# If you don't accept a "ping" . . .



## Jimmy D (Jul 4, 2015)

Uber is saying that I am cancelling 2 to 4 riders. I don't cancel anybody. So how does this happen?

If I do not accept a ping, is that counted as a rejection?

I am muddling through the System now. Many thanks for your help.


----------



## KGB7 (Apr 23, 2015)

If you dont accept then it will lower your acceptance rating, and soon or later Uber will spank you for it.

If you going to cancel after accepting, do so under 10sec, then there is no record of it.


----------



## turbovator (Aug 3, 2015)

Jimmy D said:


> Uber is saying that I am cancelling 2 to 4 riders. I don't cancel anybody. So how does this happen?
> 
> If I do not accept a ping, is that counted as a rejection?
> 
> I am muddling through the System now. Many thanks for your help.


According to Uber logic not answering a ping is a cancellation. Your not supposed to have your app on if your not accepting riders. They are very inflexible about things. They don't even bother to ask about things. They just come to thier own conclusion. Just hope your don't get a serious rider compliant. The will just judge, jury and convict you without even asking your side of the story. There was a new post on this site today " Uber admits it has a driver retention problem". Geez I wonder why?


----------



## RainbowPlate (Jul 12, 2015)

KGB7 said:


> If you dont accept then it will lower your acceptance rating, and soon or later Uber will spank you for it.


In the current "employee versus contractor" maelstrom, Uberlyft is no longer vigorously deactivating people for the old 4.6 / 80% / 90% requirements.

They may still be sending out "stop being naughty" emails, but they're not deactivating anymore.


----------



## Bart McCoy (Nov 4, 2014)

^^^^^^ proof?


----------



## UberMeansSuper (Aug 3, 2015)

turbovator said:


> According to Uber logic not answering a ping is a cancellation. Your not supposed to have your app on if your not accepting riders. They are very inflexible about things. They don't even bother to ask about things. They just come to thier own conclusion. Just hope your don't get a serious rider compliant. The will just judge, jury and convict you without even asking your side of the story. There was a new post on this site today " Uber admits it has a driver retention problem". Geez I wonder why?

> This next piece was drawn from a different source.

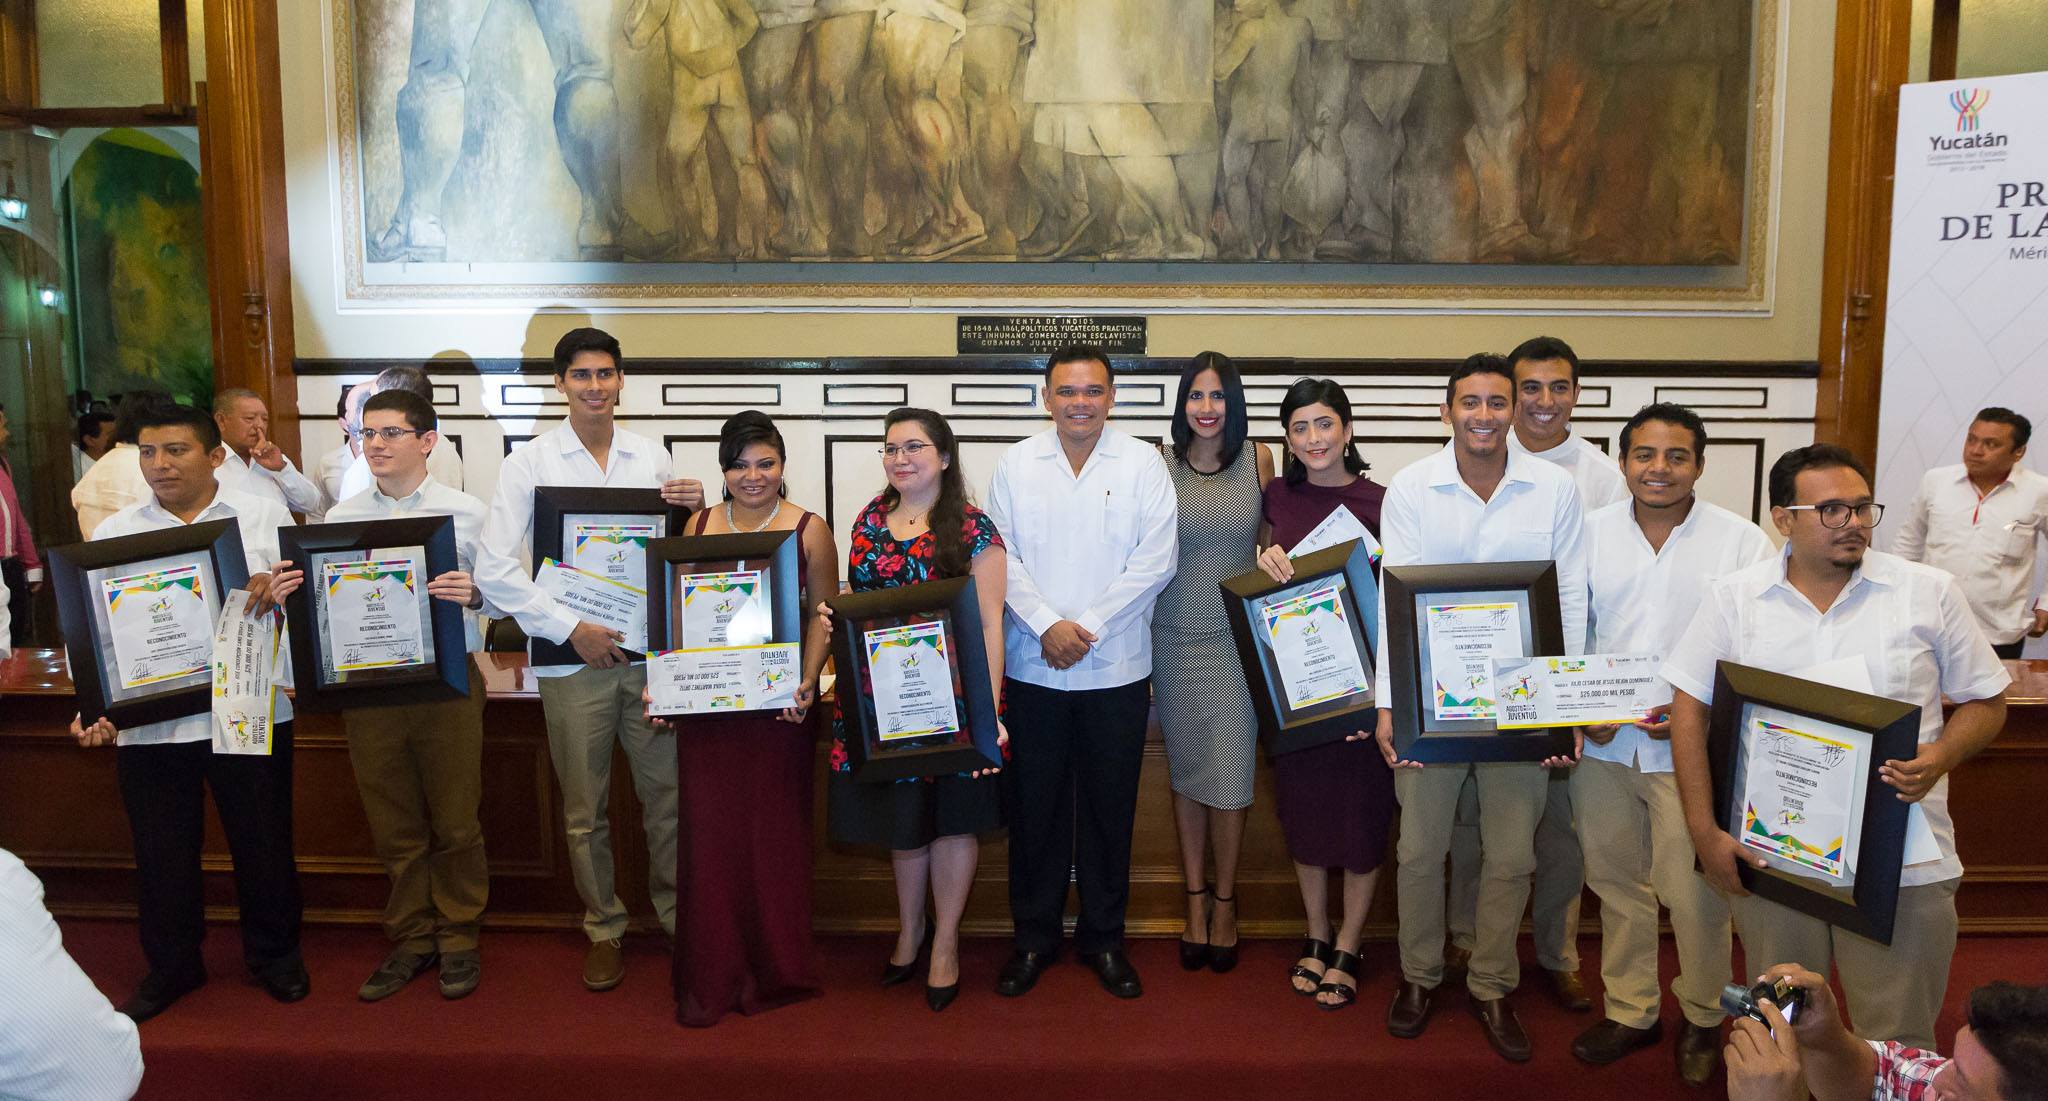 Juventud decidida e innovadora construye el hoy de Yucatán: RZB

So, if we aren't "supposed" to decline pings, why show us all the stats about (a) distance, (b) ETA to ping location, and most importantly (c) PAX rating?
Why not just ping your device with something along the lines of "JUST TAP THE SCREEN ALREADY, you UberSlave! You know you have to!" lol.


----------



## turbovator (Aug 3, 2015)

UberMeansSuper said:


> So, if we aren't "supposed" to decline pings, why show us all the stats about (a) distance, (b) ETA to ping location, and most importantly (c) PAX rating?
> Why not just ping your device with something along the lines of "JUST TAP THE SCREEN ALREADY, you UberSlave! You know you have to!" lol.


They are very anal about things. Thier reason is they don't want drivers cherry pickin rides. Between them being so anal, rate cuts and commission increases I don't even open the app anymore. Waiting for my deactivation notice.


----------



## Jam Val (May 14, 2015)

RainbowPlate said:


> In the current "employee versus contractor" maelstrom, Uberlyft is no longer vigorously deactivating people for the old 4.6 / 80% / 90% requirements.
> 
> They may still be sending out "stop being naughty" emails, but they're not deactivating anymore.


I ordered my first uber yesterday! As a driver with just over 1,000 trips, it was about time. Got a dude with a 4.0 rating. I canceled immediately. Then I thought, oh crap, what if he is brand new? I feel bad. but yes, there are drivers with 4.0 ratings.


----------



## T. E. Pickering (Jul 20, 2015)

yeah, i got a driver a few weeks ago that was a 4.5. went with it out of morbid curiosity and it was pretty clear why his rating was what it was (cramped dirty car, poor route choice, questionable driving style...). given that, it would appear that the bar is pretty low to stick around...


----------